Problem to work on.
Leave the pictures out, and transcribe the material below exactly from the line with "Viti a compressione" to the line with "Wandbild - Moosbild", both lines included.

--- Records shown ---

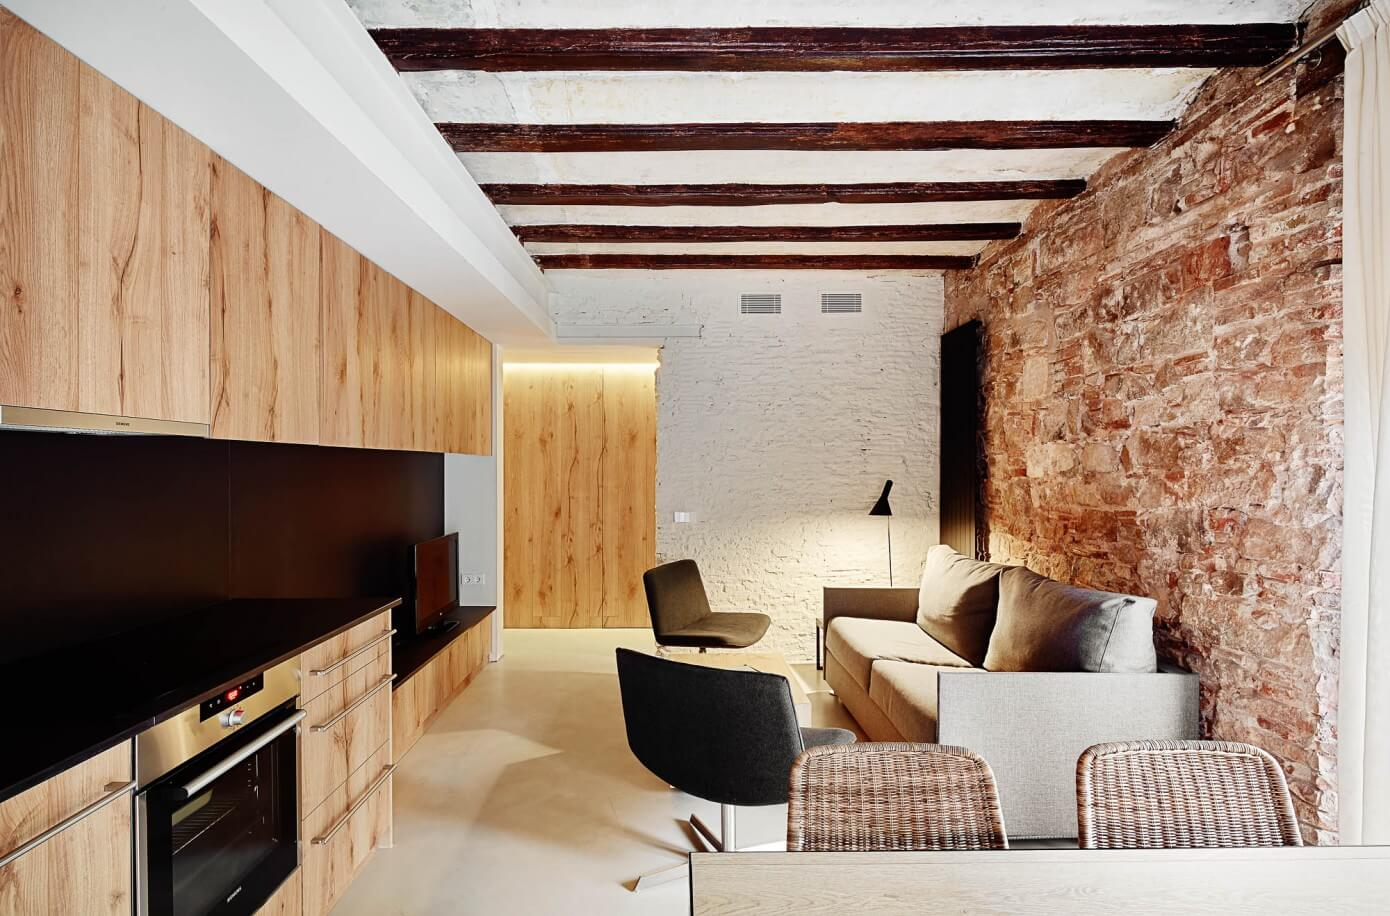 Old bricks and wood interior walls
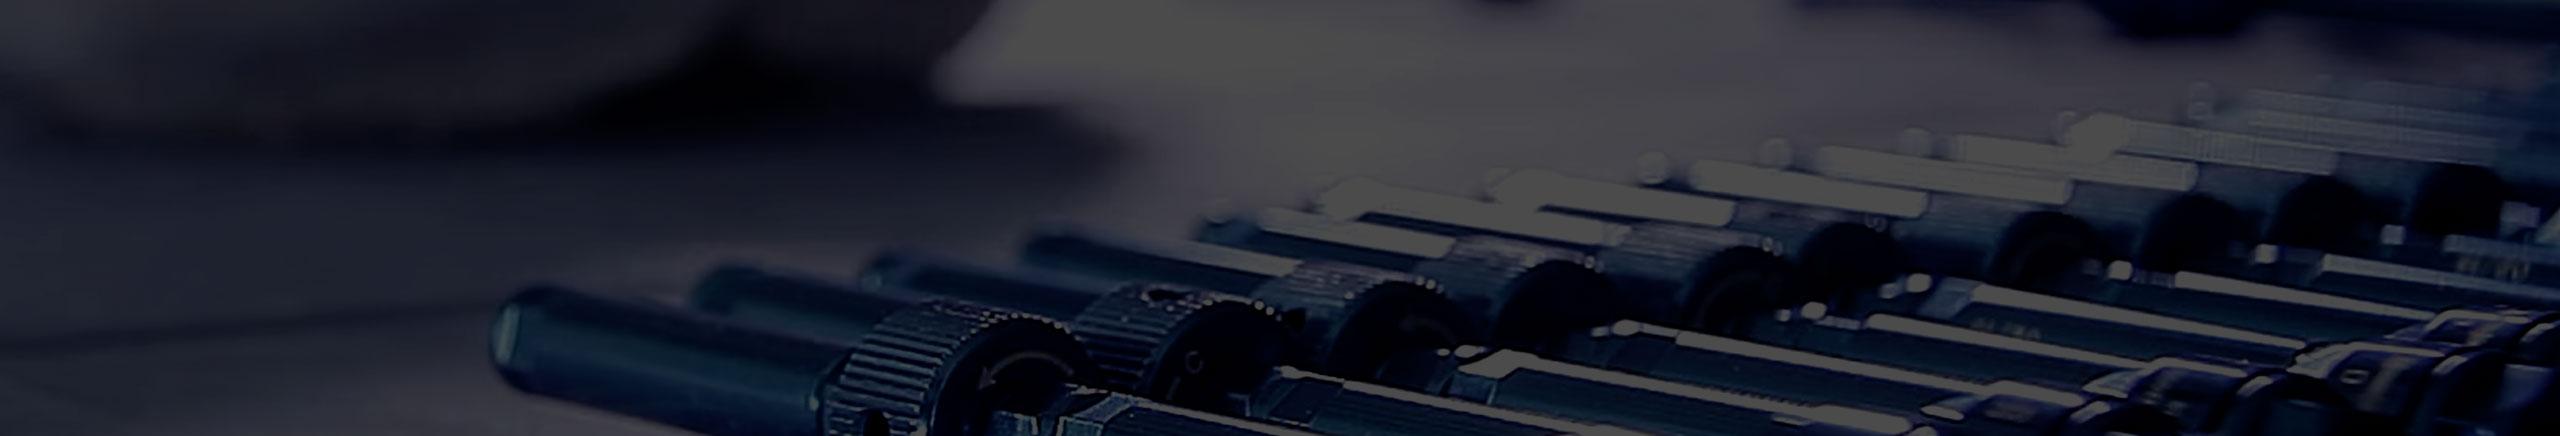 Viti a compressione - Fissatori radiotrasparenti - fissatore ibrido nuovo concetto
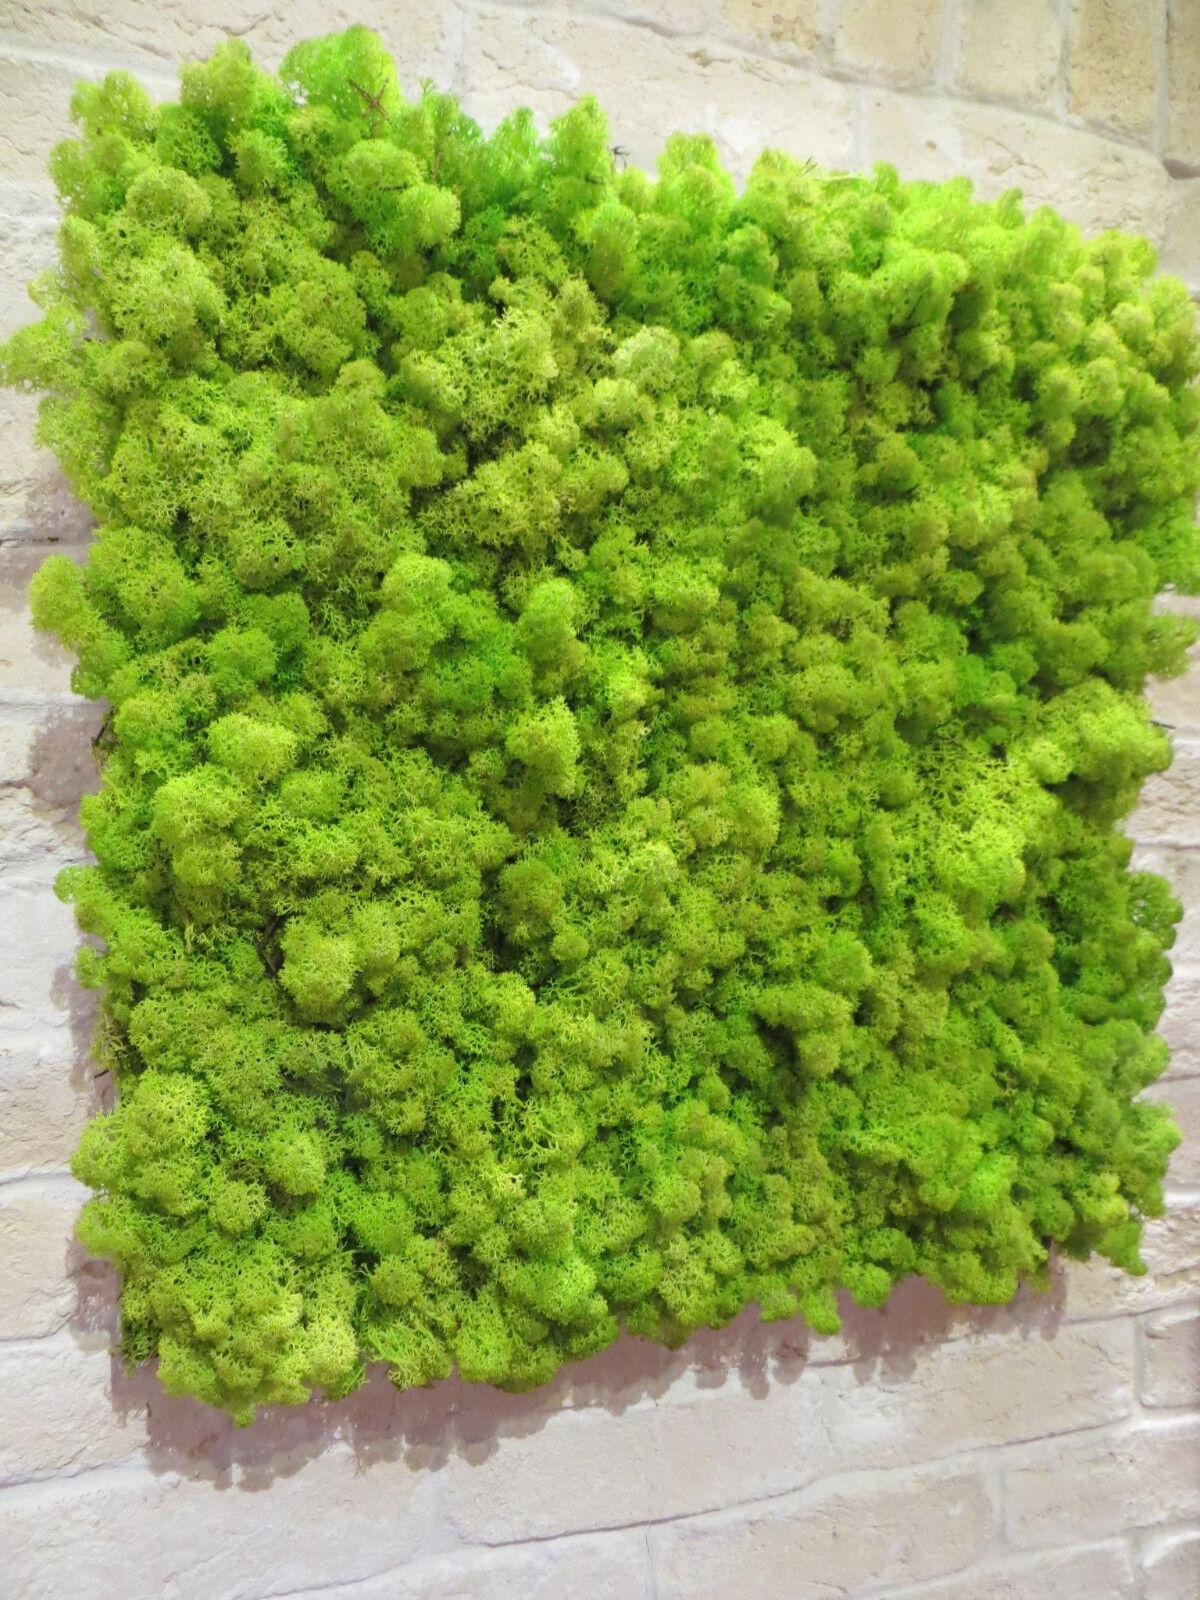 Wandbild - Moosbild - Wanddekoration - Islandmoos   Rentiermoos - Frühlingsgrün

---
--- Records shown ---

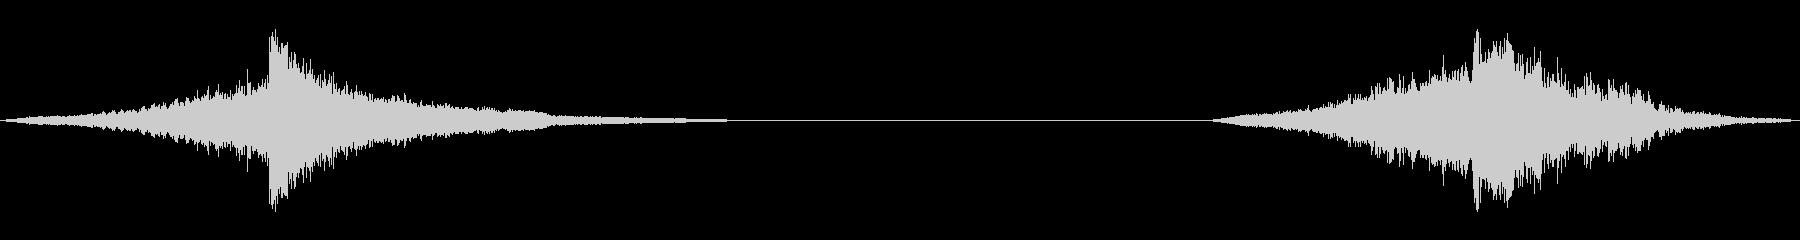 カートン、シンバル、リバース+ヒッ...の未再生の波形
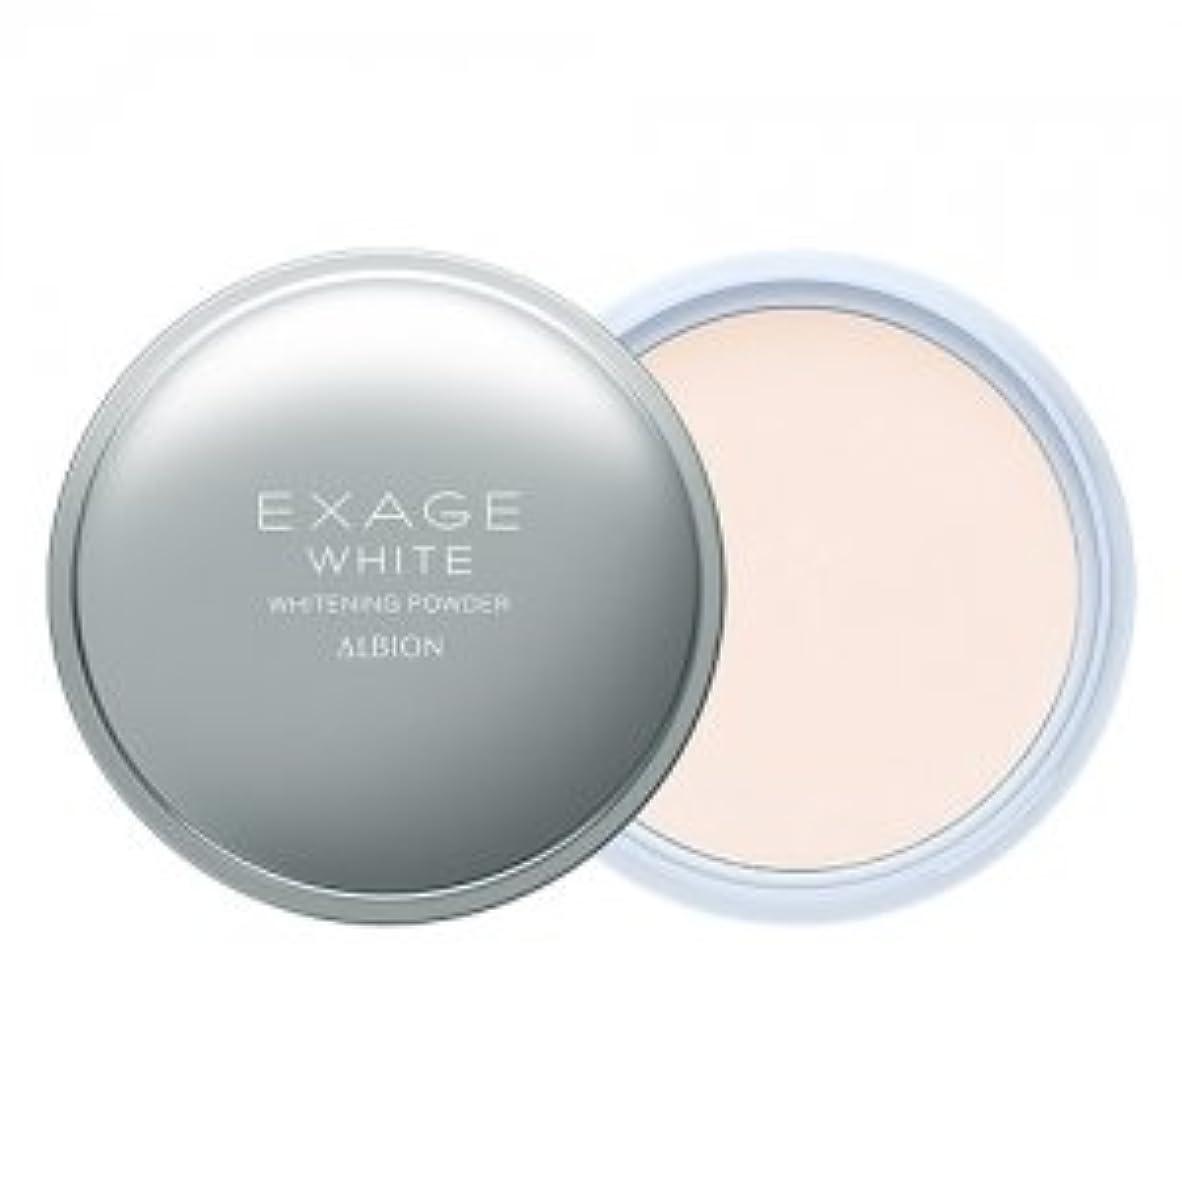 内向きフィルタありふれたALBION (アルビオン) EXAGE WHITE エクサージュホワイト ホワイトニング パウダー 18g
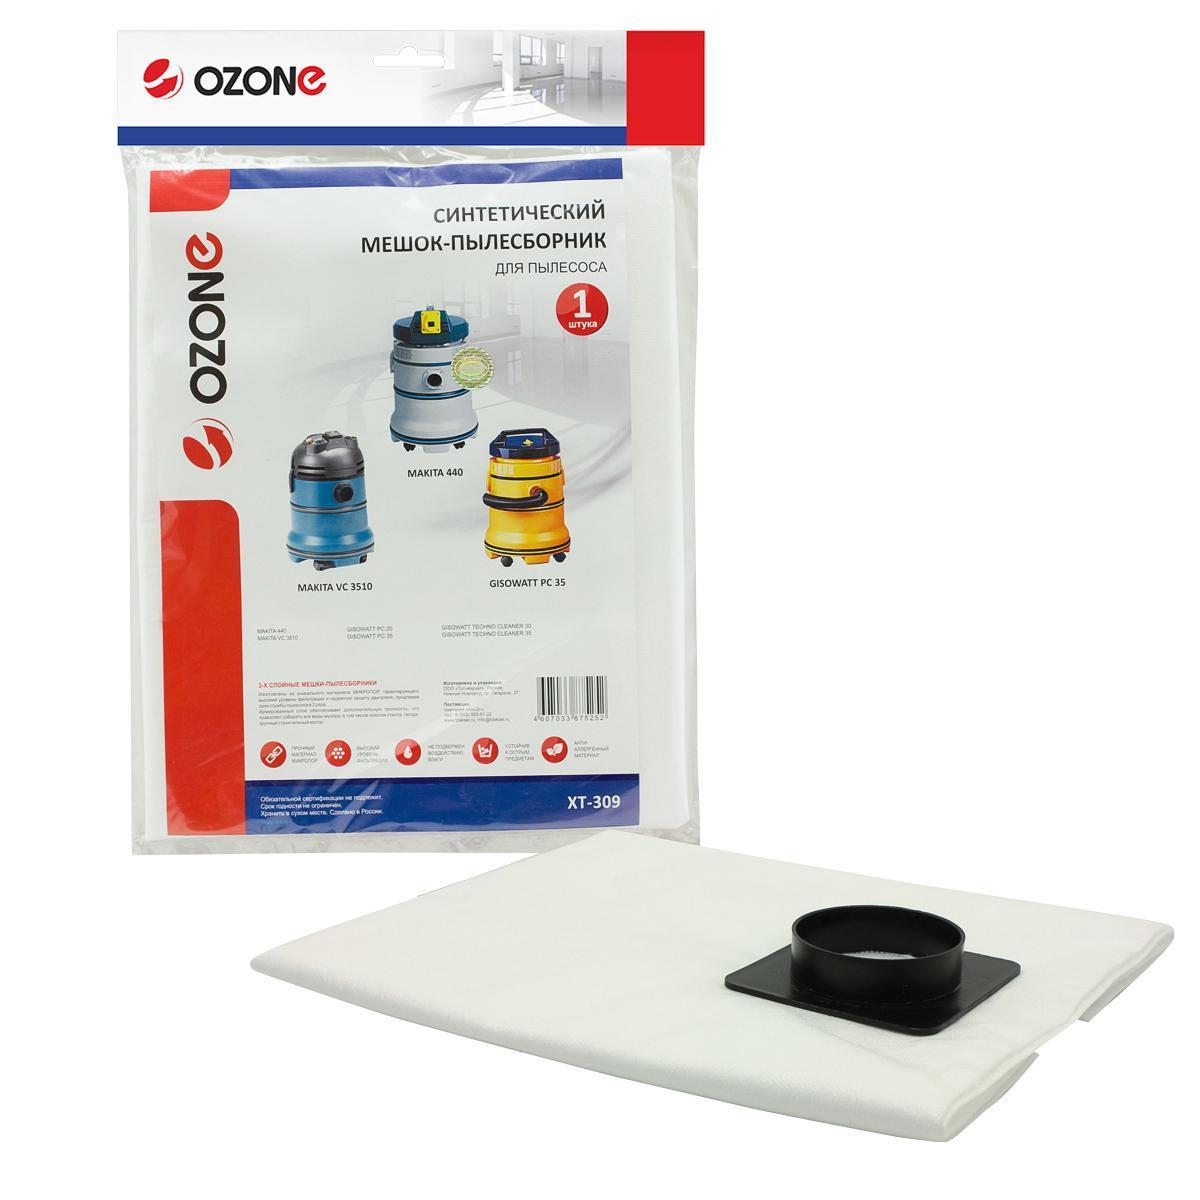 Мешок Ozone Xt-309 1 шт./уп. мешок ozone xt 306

---

Result of this task.
 Viti a compressione - Fissatori radiotrasparenti - fissatore ibrido nuovo concetto
 Wandbild - Moosbild - Wanddekoration - Islandmoos   Rentiermoos - Frühlingsgrün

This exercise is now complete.